**Task prompt:** From top to bottom, print the listing word for word and skip any pictures it contains.

**Material provided:**

************

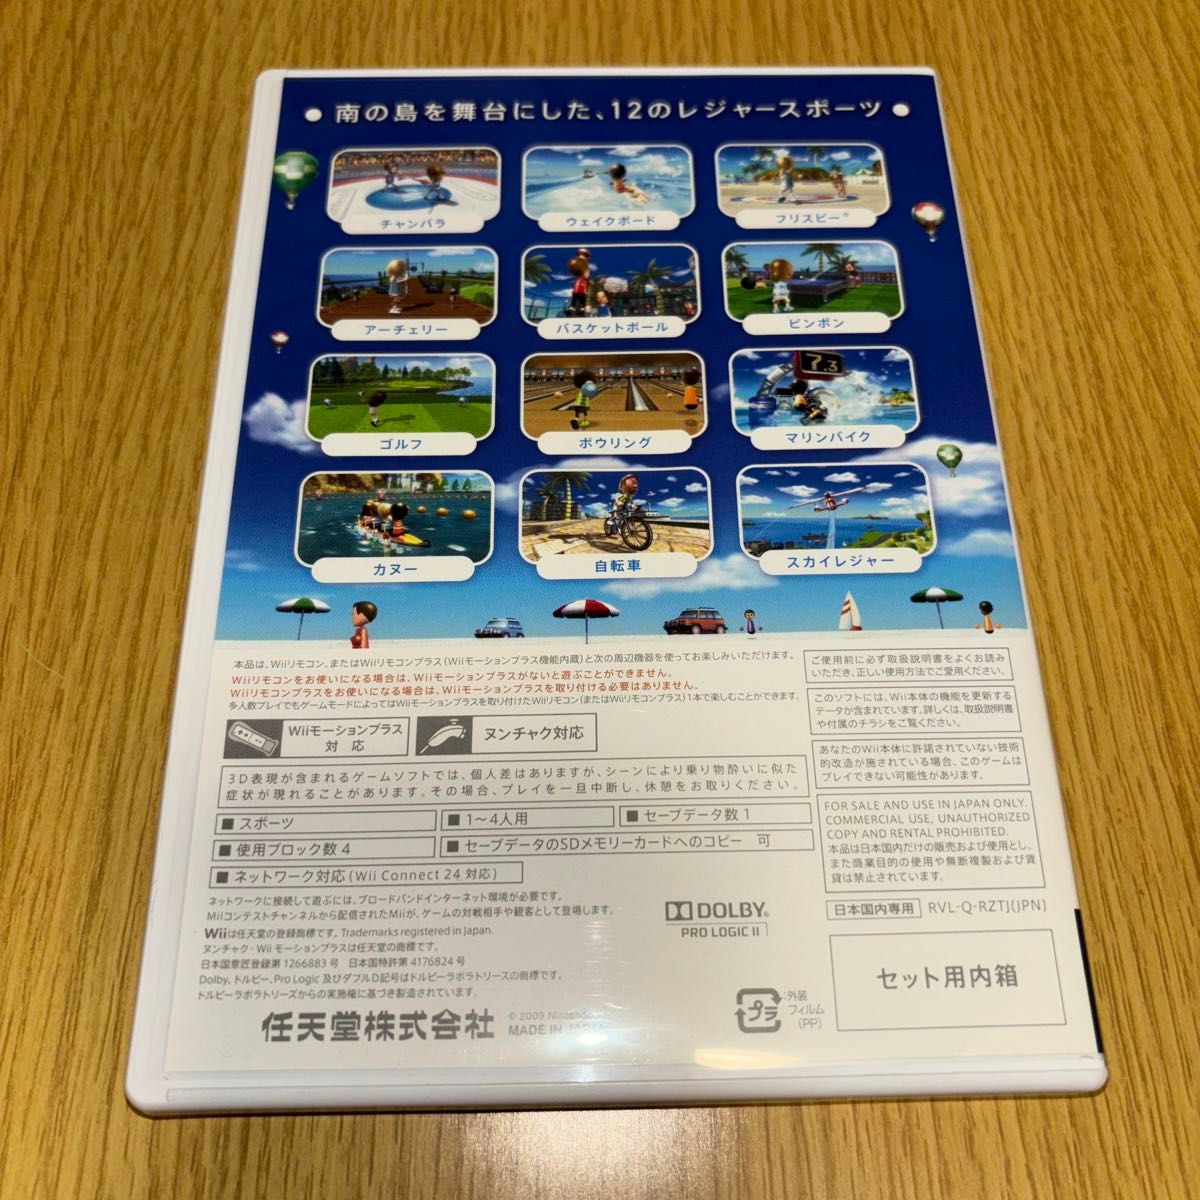 Wiiスポーツリゾート
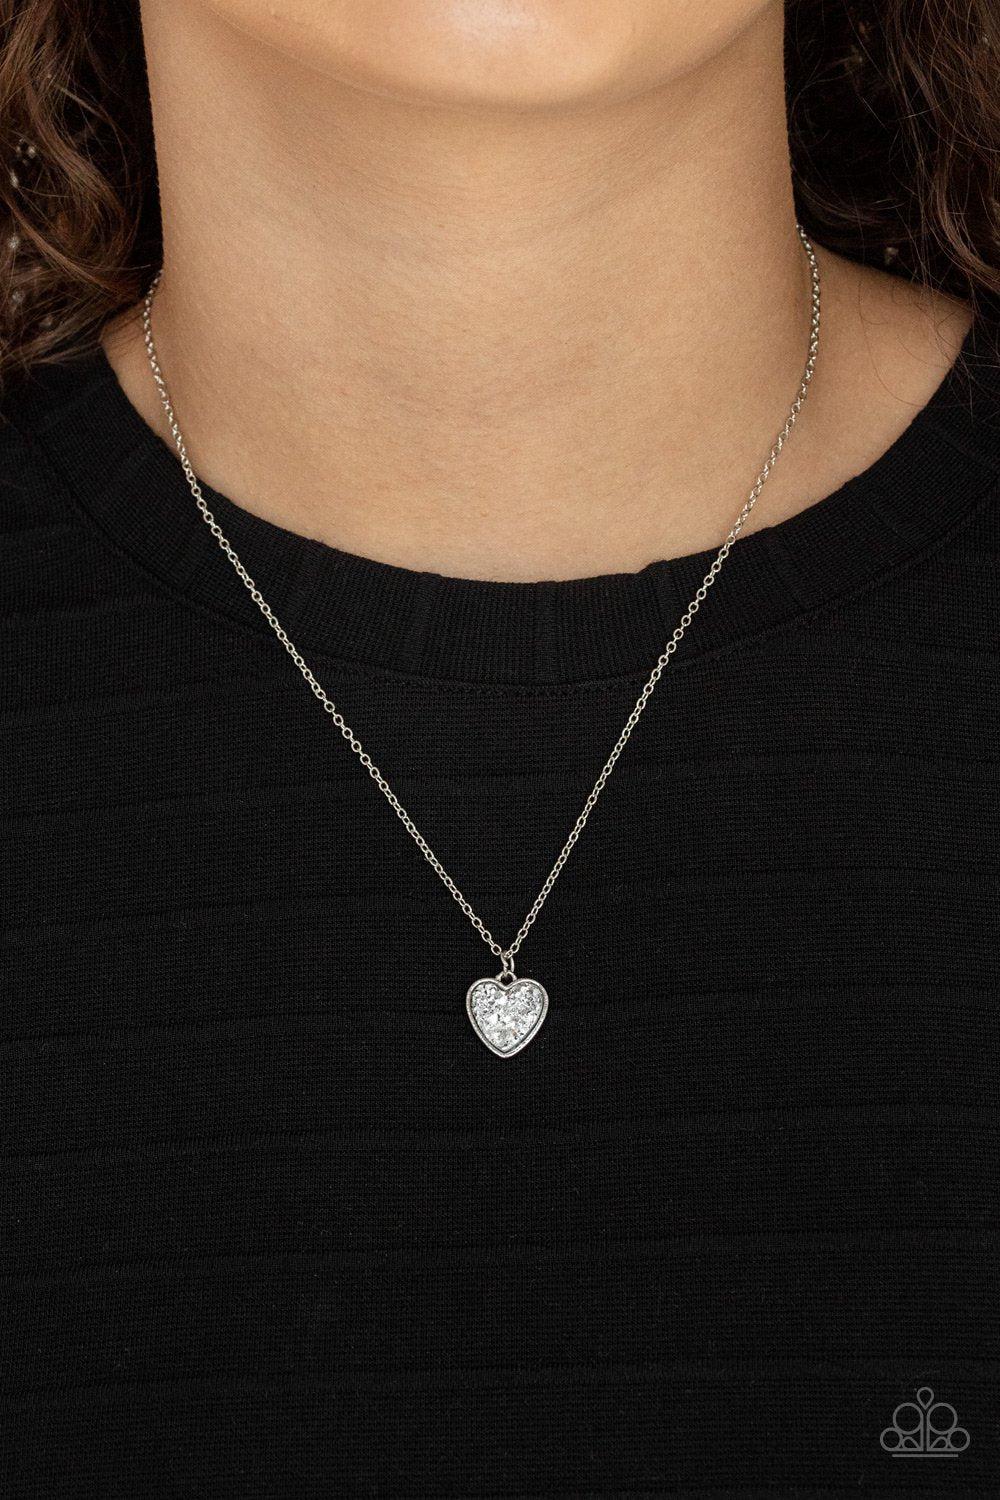 Pitter-Patter, Goes My Heart Silver Heart Necklace - Paparazzi Accessories- model - CarasShop.com - $5 Jewelry by Cara Jewels
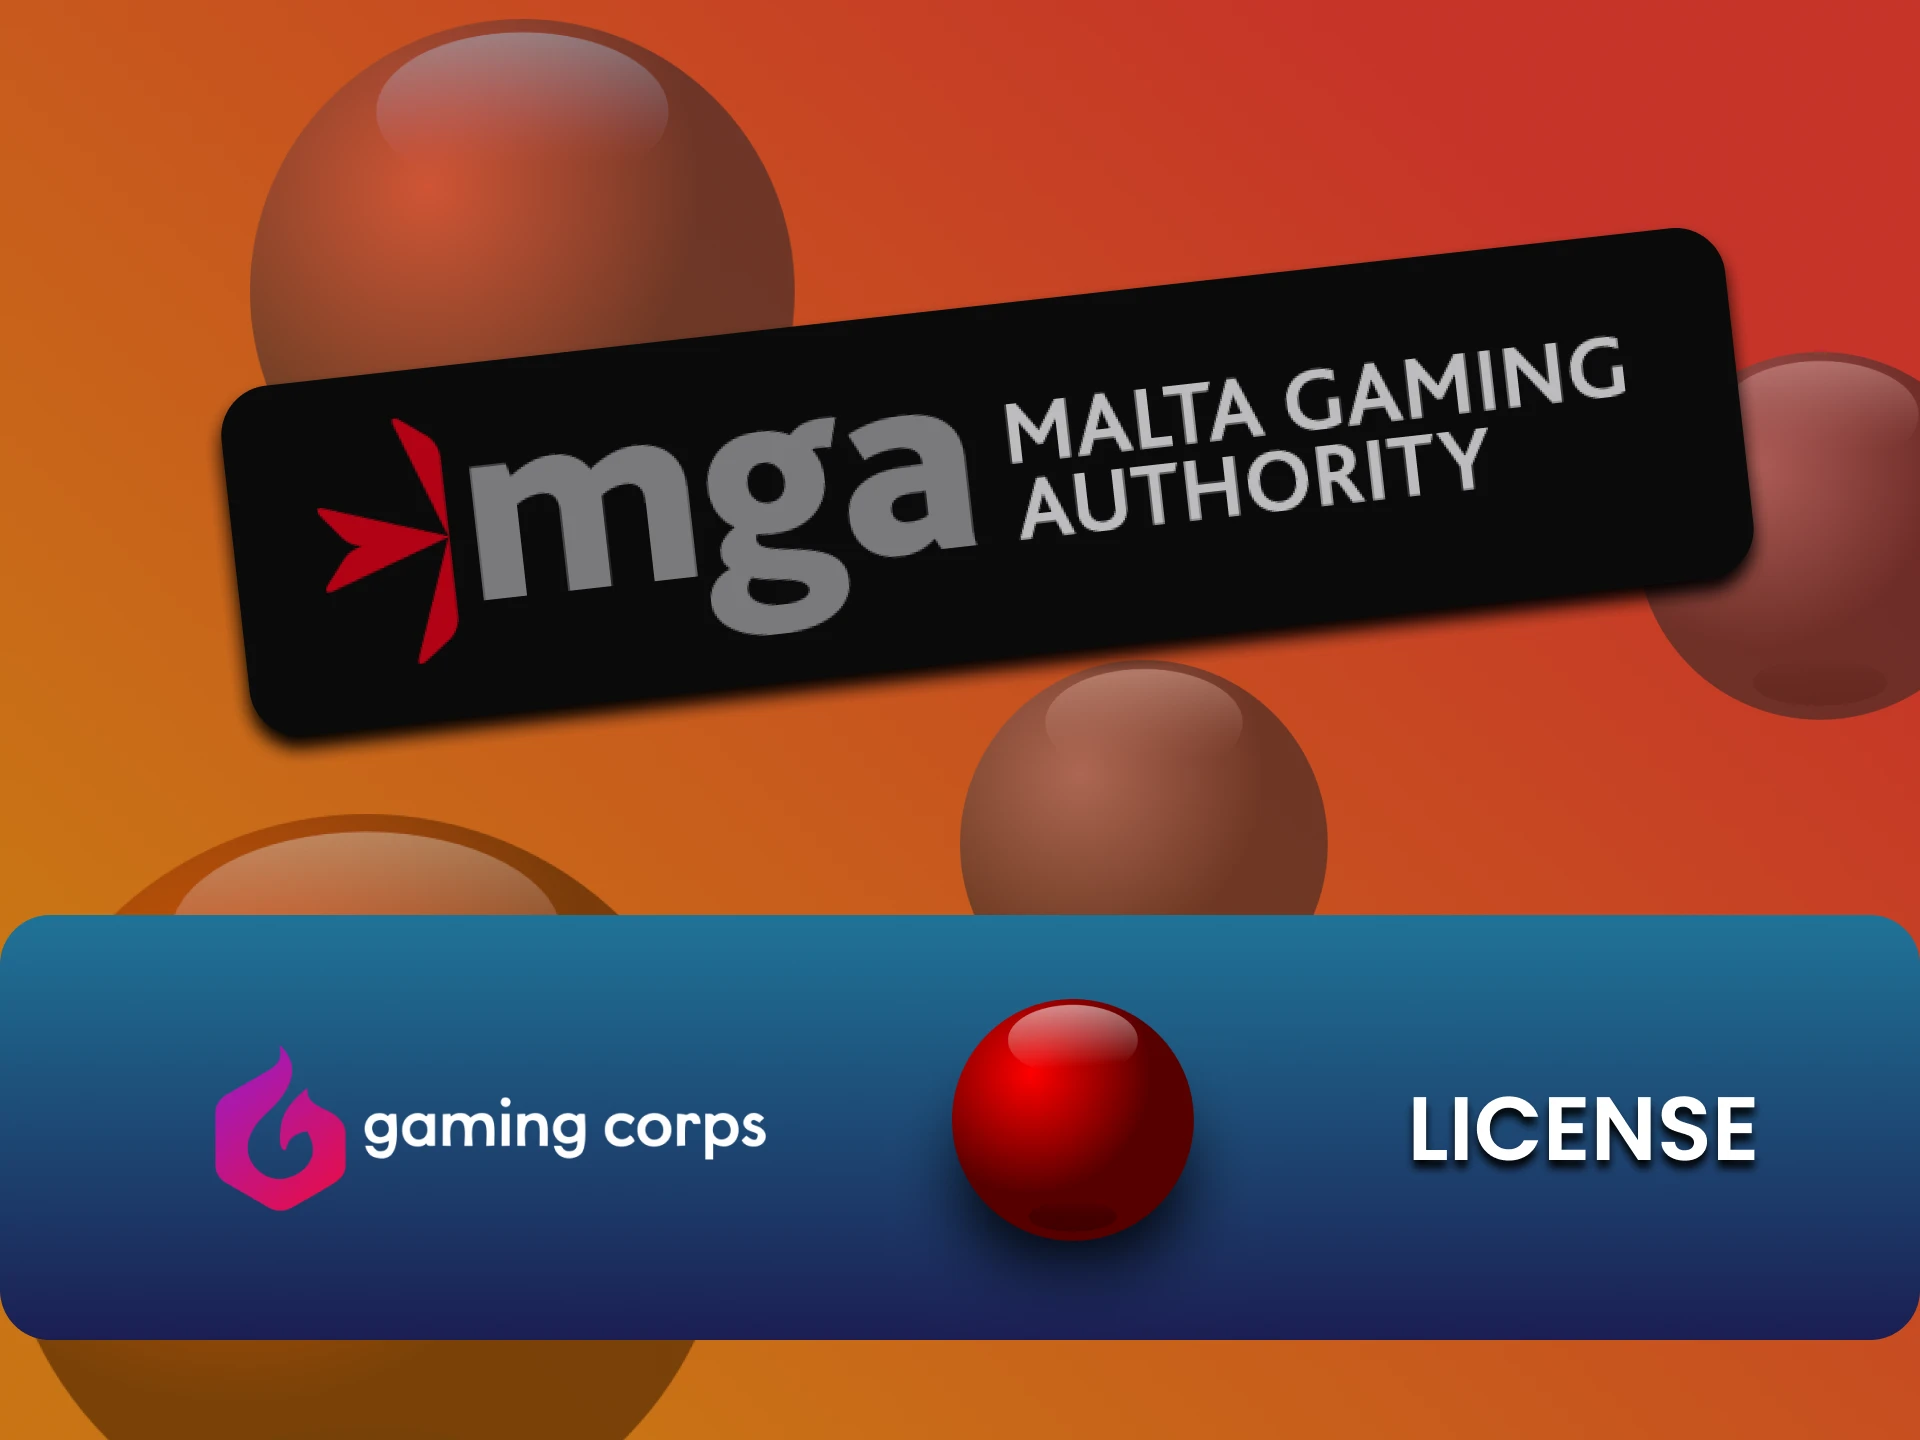 Gaming Corps has a special license.

************

**Output of the task:**
 Wiiスポーツリゾート
 Pitter-Patter, Goes My Heart Silver Heart Necklace - Paparazzi Accessories- model - CarasShop.com - $5 Jewelry by Cara Jewels
 Gaming Corps has a special license.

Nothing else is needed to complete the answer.